Our Top 5 Coconut Chocolate Bars
By Cara Curtis
Chocolate and coconut is a classic combo which go together perfectly. There are many health benefits that coconut brings to the table. This fruit which is used to flavour our favourite chocolate bars are highly nutritious and rich in fibre, vitamins C, E, B1, B3, B5 and B6. Unlike cow’s milk, coconut milk is lactose free meaning, the bars featured here are suitable for vegans as they’re all 100% dairy free.
The bar has a slightly grainy fudge-like texture, and a slow, viscous melt. The Dominican beans create a rich, but still intense flavour for a milk chocolate. Hints of fruit mix with molasses. The coconut milk and sugar lend the chocolate their unmistakable flavour.

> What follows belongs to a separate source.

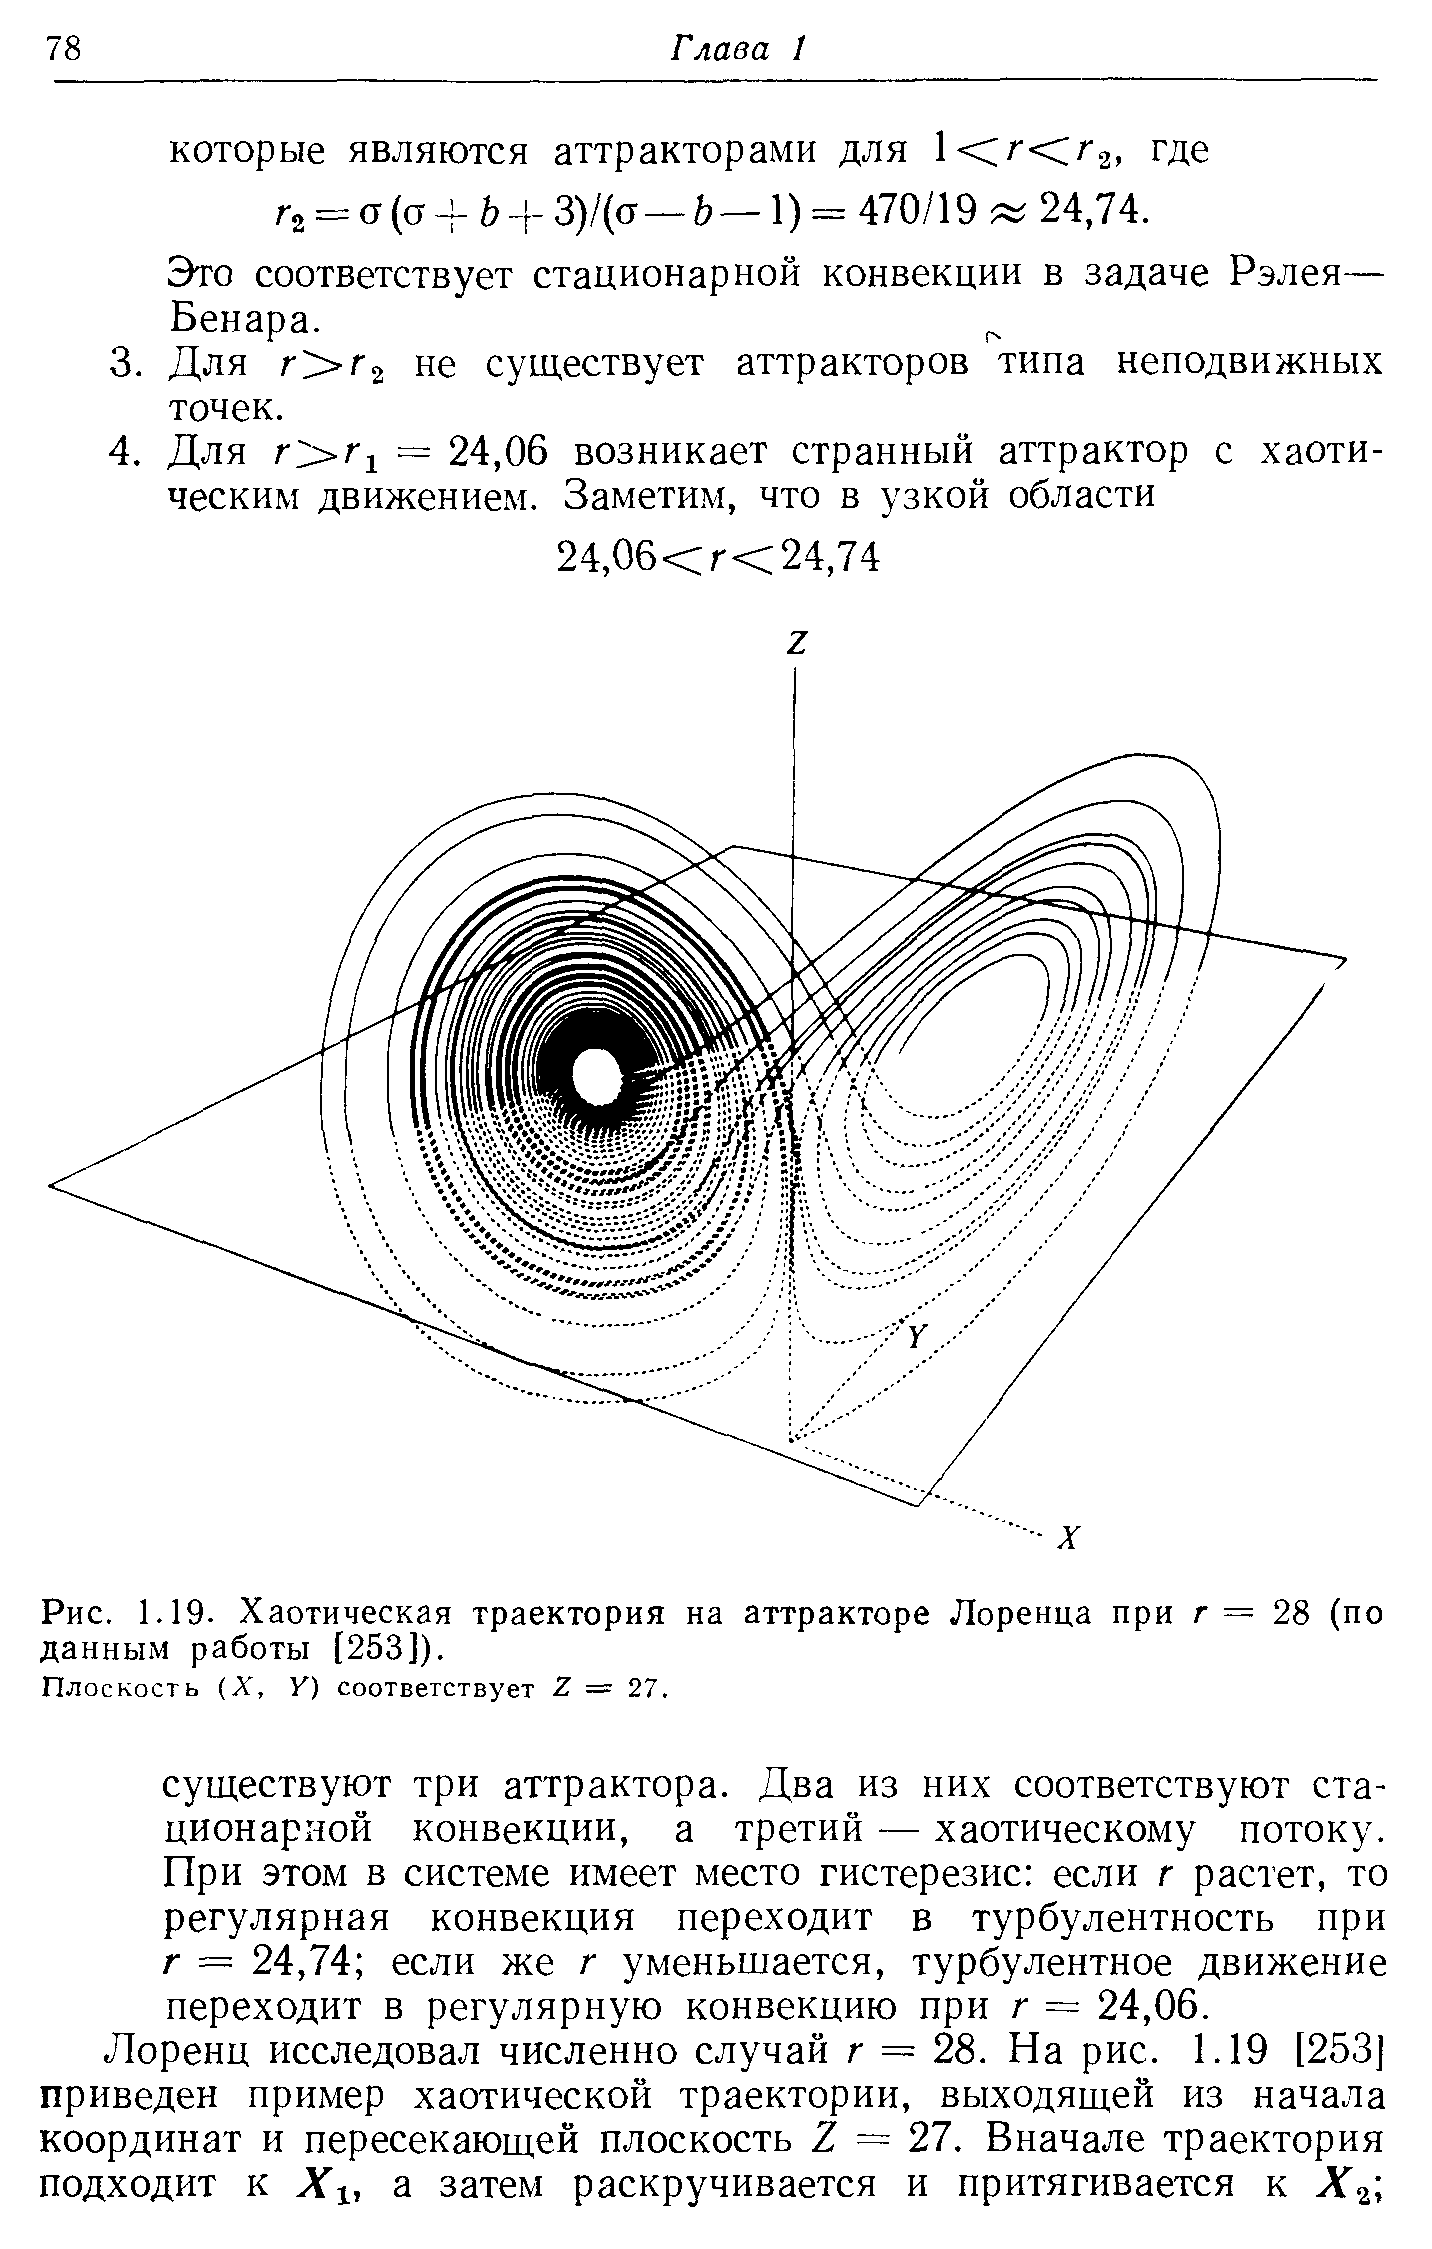 Рис. 1.19. Хаотическая траектория на аттракторе Лоренца при г = 28 (по данным работы [253]).

For Endorfin founder Brian Wallace, his first taste of fresh cocoa beans was a pivotal moment. A few months later he quit his job to travel the world, learn about chocolate and find the best possible beans.
55% COCONUT MILK
This is a very unusual milk chocolate bar as it actually contains no dairy. Rather than using cow’s milk, this is a milk chocolate bar made with coconut milk. What’s more, rather than using traditional cane sugar, Ali has used an organic coconut sugar in this bar. As a consequence, this bar has a very distinctive aroma and flavour profile.
Coconut is undoubtably the dominant flavour here. Furthermore, the bar doesn’t have quite the same creaminess as many other milk chocolate bars. Instead, it has a slight graininess. All in all, a very pleasant dairy free milk chocolate.
COCONUT MILK 55%
This is a vegan ‘milk’ chocolate that has been crafted using coconut milk instead of dairy. The sweet flavour of the coconut comes through giving the bar a refreshing floral note. The unroasted Peruvian cocoa beans have an earthy, grassy profile, that mixes with the much lighter sugared flavours of the coconut. Both rich and cooling, the chocolate bar finishes with an earthy sweetness.
Pablo Spaull crafts his unroasted chocolate deep in the Welsh countryside. For all his bars he uses Peruvian beans that, with the help of Ecotribal, he buys directly from Ashaninka co-operatives. They live in the rainforest and on the banks of the Rio Ene. Growing cacao and coffee gives the Ashaninka a sustainable income and helps them preserve the rainforest.
BALINESE COCONUT WHITE
Madagascan vanilla melds with the sugared coconut to create a flavour reminiscent of Nice biscuits. Solkiki has added a sprinkling of pink salt that helps to bring out the white chocolate’s sweetly floral notes.
Solkiki’s white chocolate bar is completely dairy free and vegan friendly. Instead of using cow’s milk Solkiki has mixed in Balinese coconut to create a sweet and silky texture.
We’re sure that anyone who enjoys white chocolate or has secret soft spot for Bounty will love this distinctive but decadent white chocolate. The bar has a candy sweetness and creamy coconut profile.
COCONUT BEN TRE 55%
This bar uses cocoa beans from Ben Tre, the southern coastal province of Vietnam’s Mekong Delta. The chocolate is made in Saigon by two French chocolate makers, Samuel Maruta and Vincent Mourou, with a small and dedicated local team by combining these beans with coconut milk. The Marou name – a combination of Samuel & Vincent’s surnames – has rapidly become synonymous with quality, ethically produced Vietnamese chocolate.
To taste, we found the bar to have a deliciously rich and fugdy mouth feel. The coconut milk beautifully compliments the spicy flavour profile of the Ben Tre cocoa by adding a fruity layer with added notes of raisin.